Pay for web workers: How much should location matter?

Business is all about the bottom line — ironing out inefficiencies, increasing productivity, finding ways to get or make things cheaply that you can sell high — and web work offers new ways to bolster that bottom line.

By allowing managers to source talent from just about anywhere, technology makes it easy to take advantage of disparities in pay and cost of living to get the same services for cheaper. Just look at the trend of rural-sourcing, where companies are looking for skilled workers in unusual, less settled locales. It’s a boost to struggling rural communities and allows firms to save a few bucks too. What could be bad?

But not everyone sees paying according to the prevailing local wages as without its moral complexities, especially when companies begin to look overseas for additional help.

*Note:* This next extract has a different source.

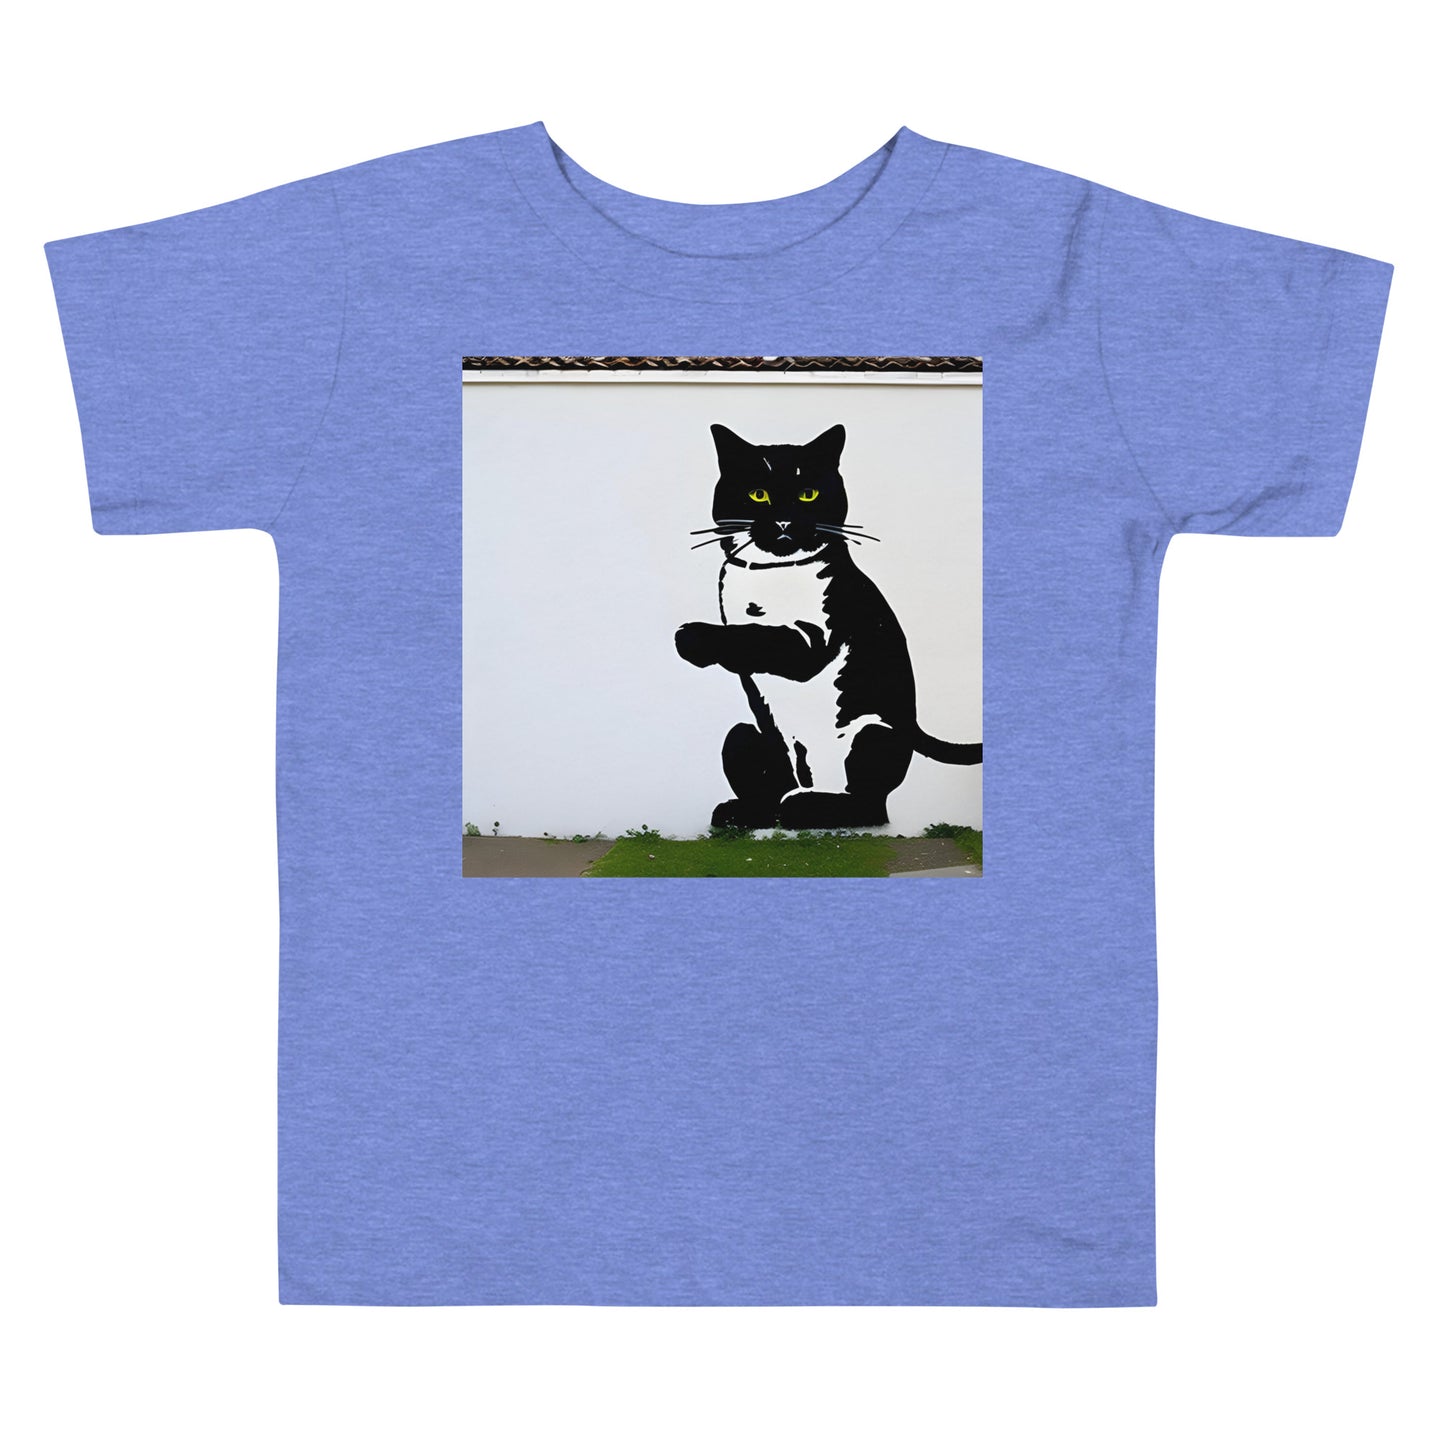 Purradise Toddler's T-Shirt - 041

Blog Freelance Switch recently ran a post on the issue, with writer Thursday Bram (who also writes for WWD) musing on her compunctions about paying significantly less for the same services from providers based overseas:

More than a few freelancers have a sore spot about how hard it can be to get paid what we’re worth by clients who see freelancers as a way to get cheap labor. When you turn that around, it’s easy to draw comparisons between what a freelancer might hate when a client does it to her and what she’s willing to do to a sub-contractor based overseas. It’s going to be a personal decision, no matter what. Your priorities decide whether or not you’re willing to pay a sub-contractor more.

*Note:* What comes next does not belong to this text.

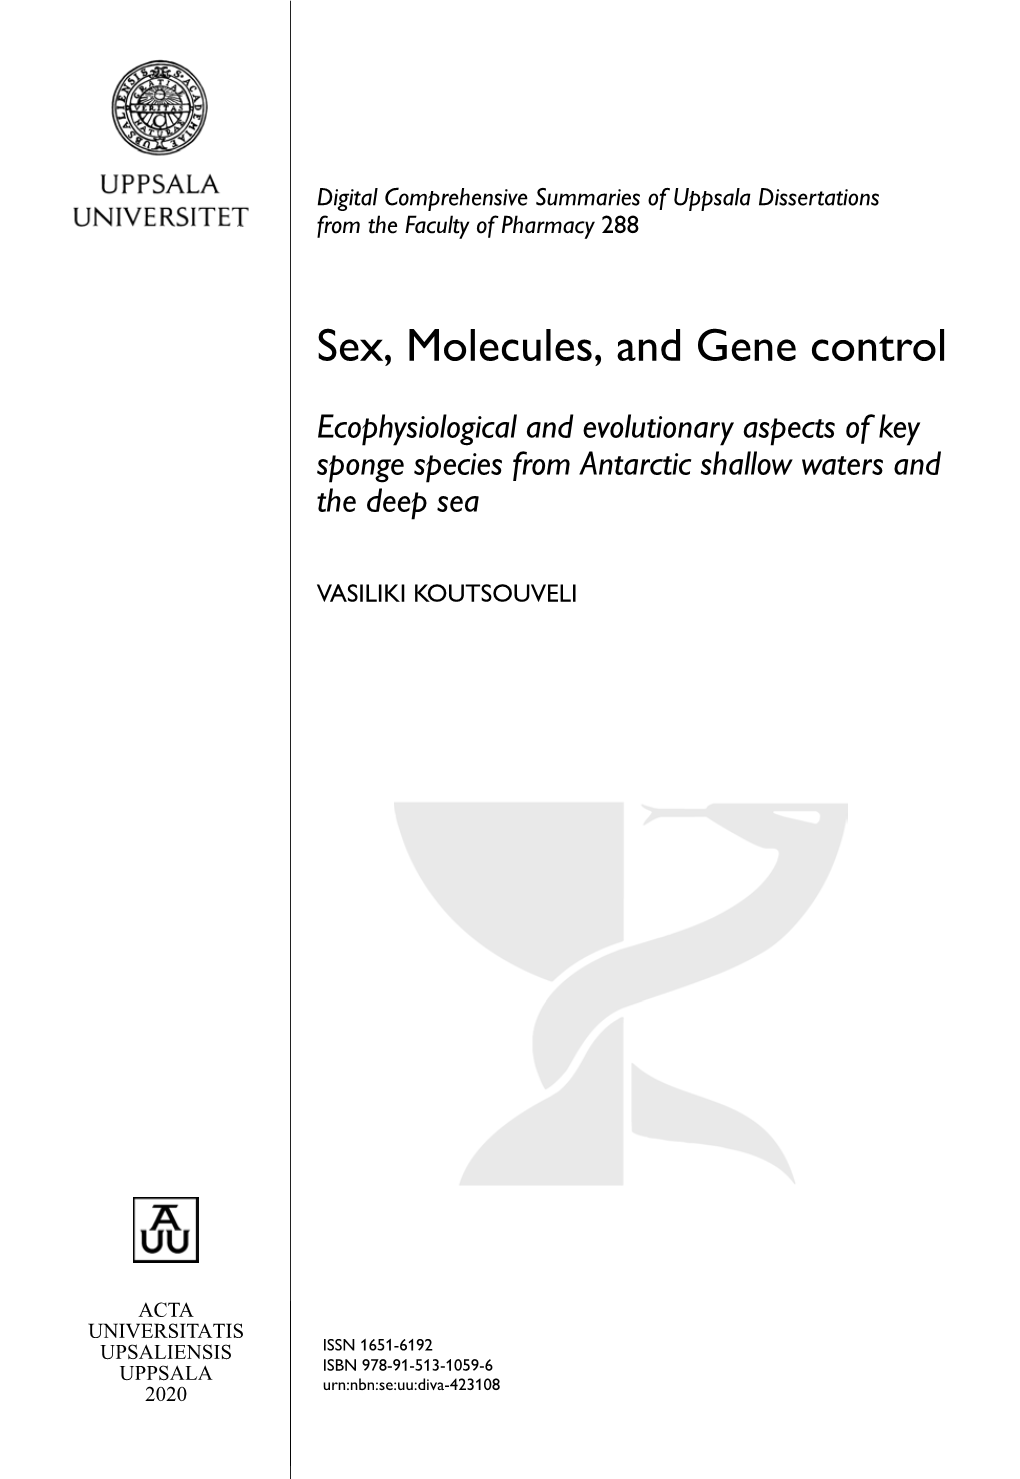 Sex, Molecules, and Gene Control

For me, the personal decision comes down to what the person I’m working with is actually worth. I know plenty of people who live in places like Thailand and charge rates on par with what folks living in the U.K. might (with no problem getting those rates). If someone comes to me and tells me that’s what they’re worth, I have no problem paying it.

But if the person I’m working with needs training, requires extra explanation or simplified English and generally can’t finish a project without hand holding, I’m going to pay a lot less… I have worked with a virtual assistant based in the Philippines and paid him about $270 a month for his work. I don’t have a problem with doing so — he was doing fairly basic work and didn’t have a skill set that I’d be willing to pay more for.

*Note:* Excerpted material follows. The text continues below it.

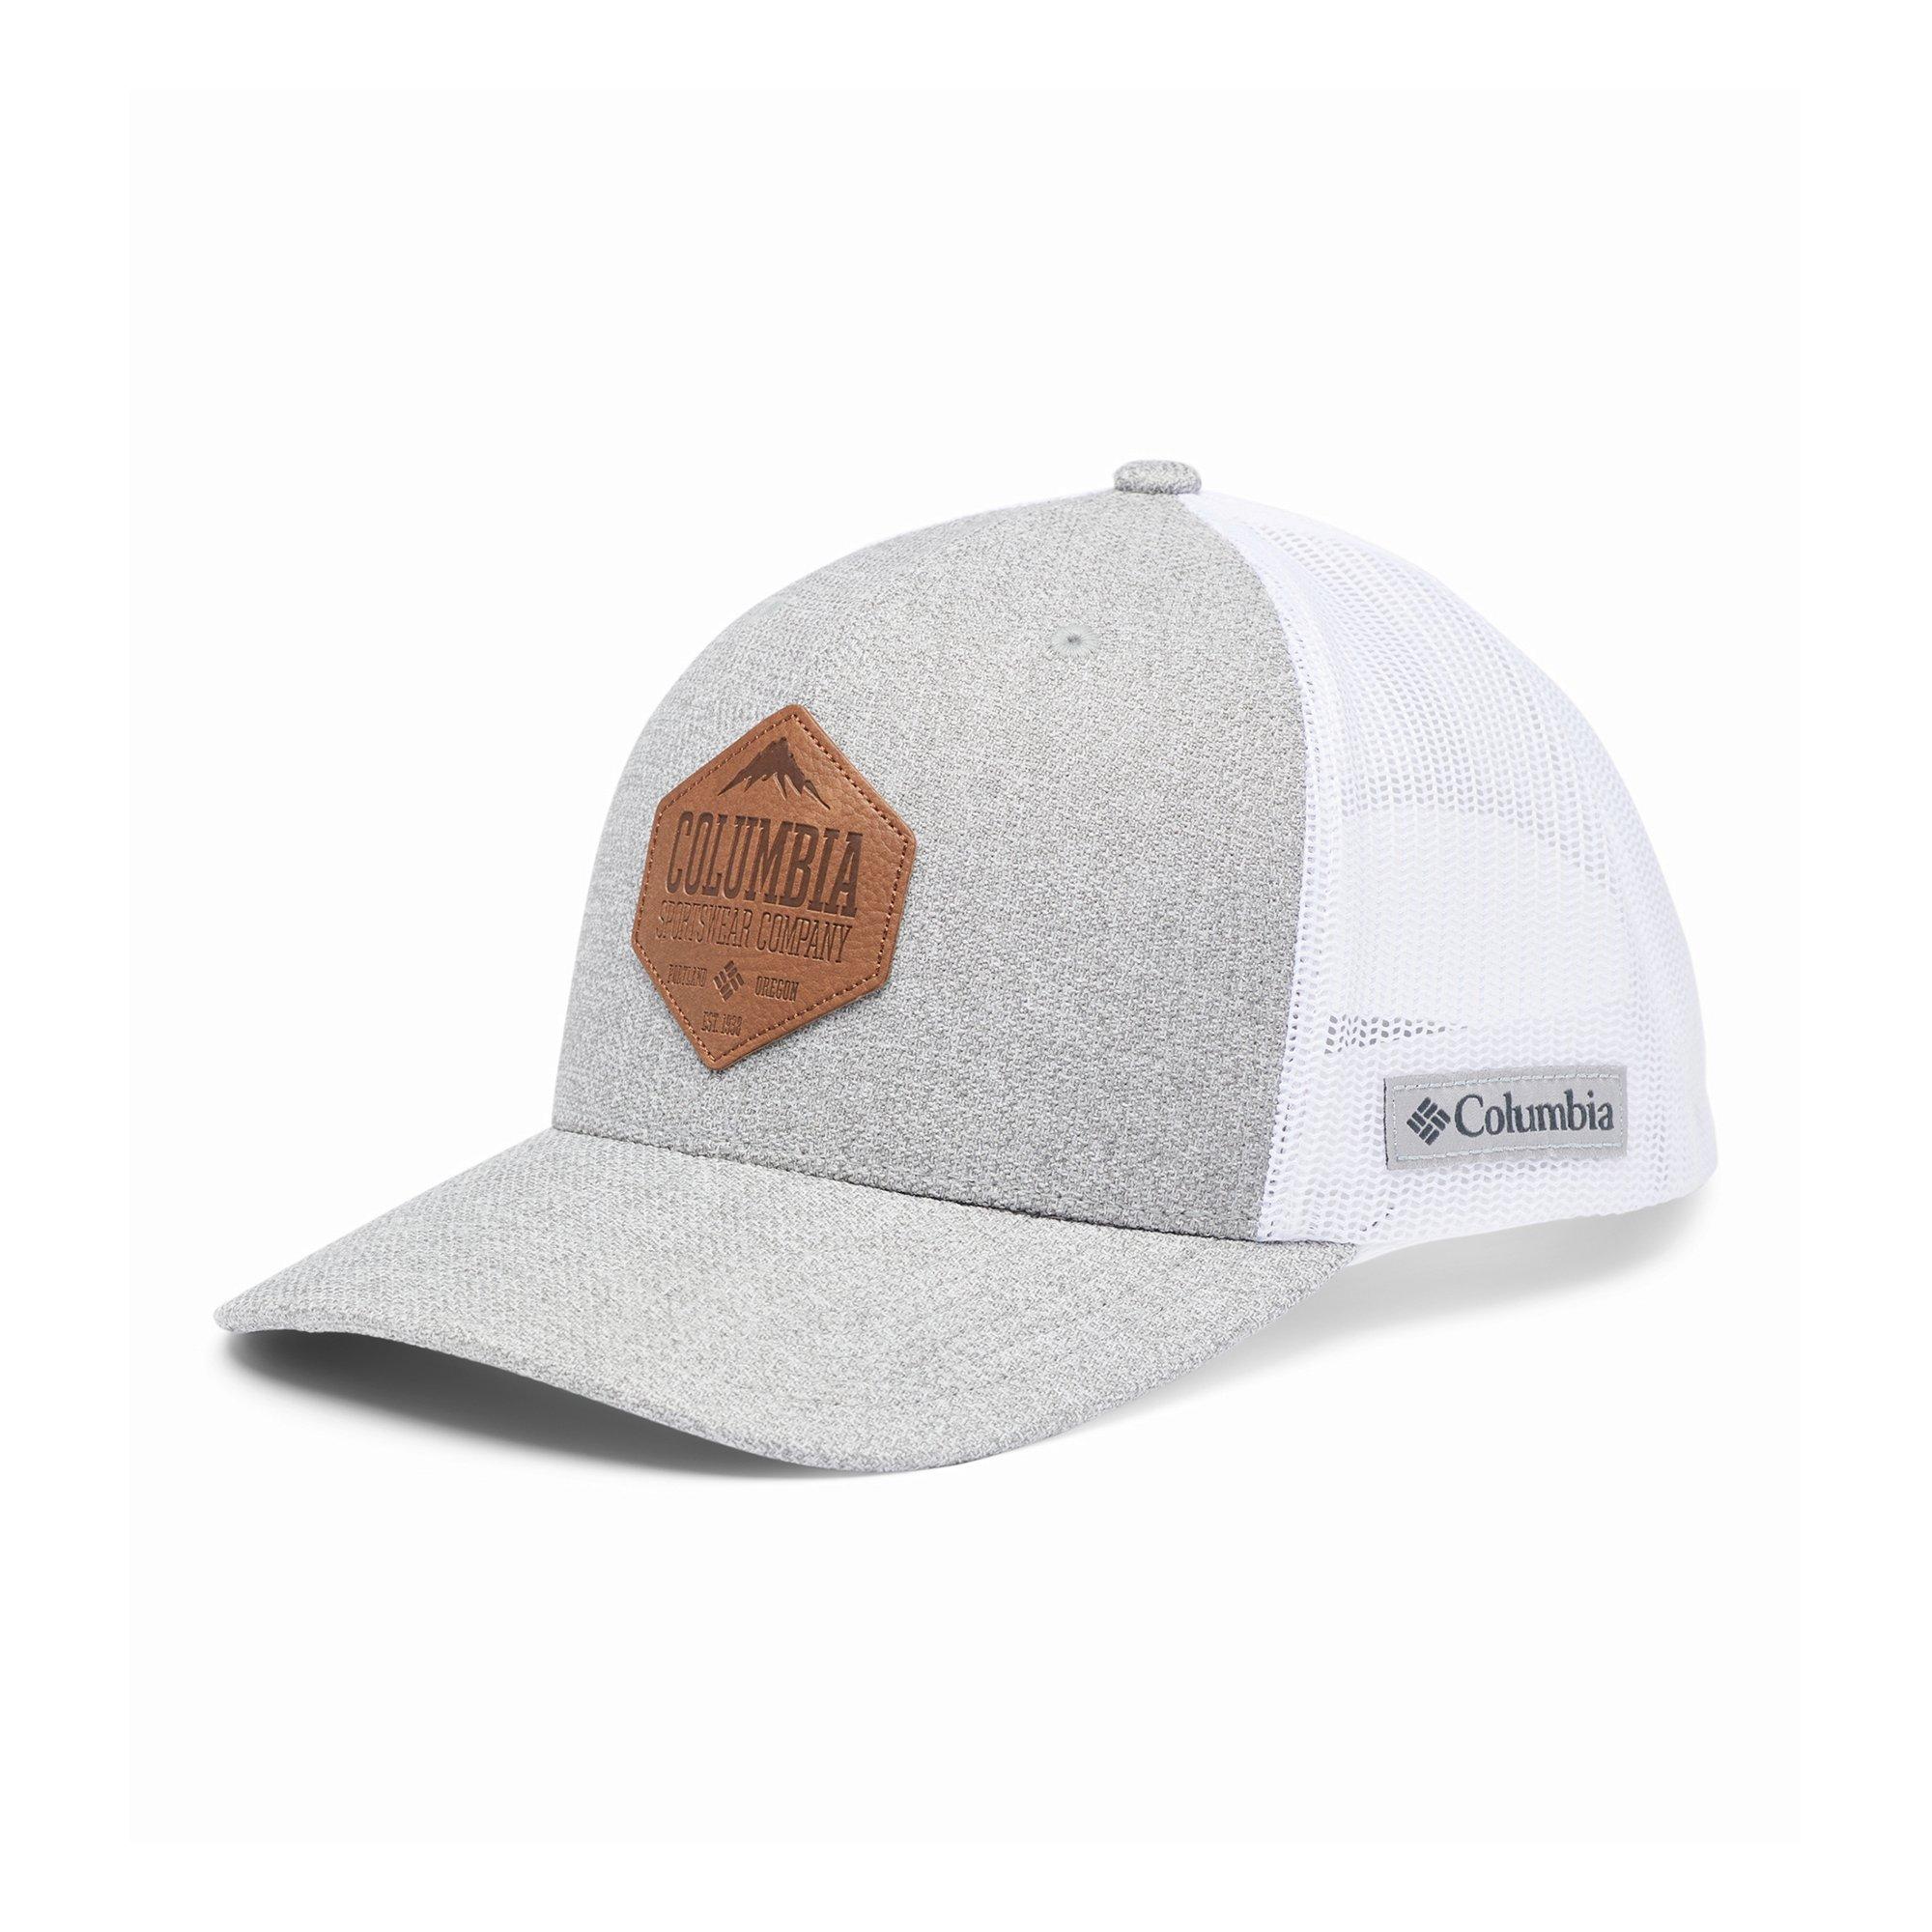 Columbia PFG Meshback Snapback Hat - Grey/White - Hibbett

Bram identifies the key factors in deciding how much to pay someone, including their skill level and your level of comfort with the arrangement. Perhaps added to that should be the cost of living where the web worker is based. After all, $270 probably goes much further in Manila than in Mountain View, just like a salary that barely covers the basics in New York might comfortably provide for a family of four in a more rural area.

How do you weigh location, skills and personal compunction when deciding what to pay web workers in various locales?   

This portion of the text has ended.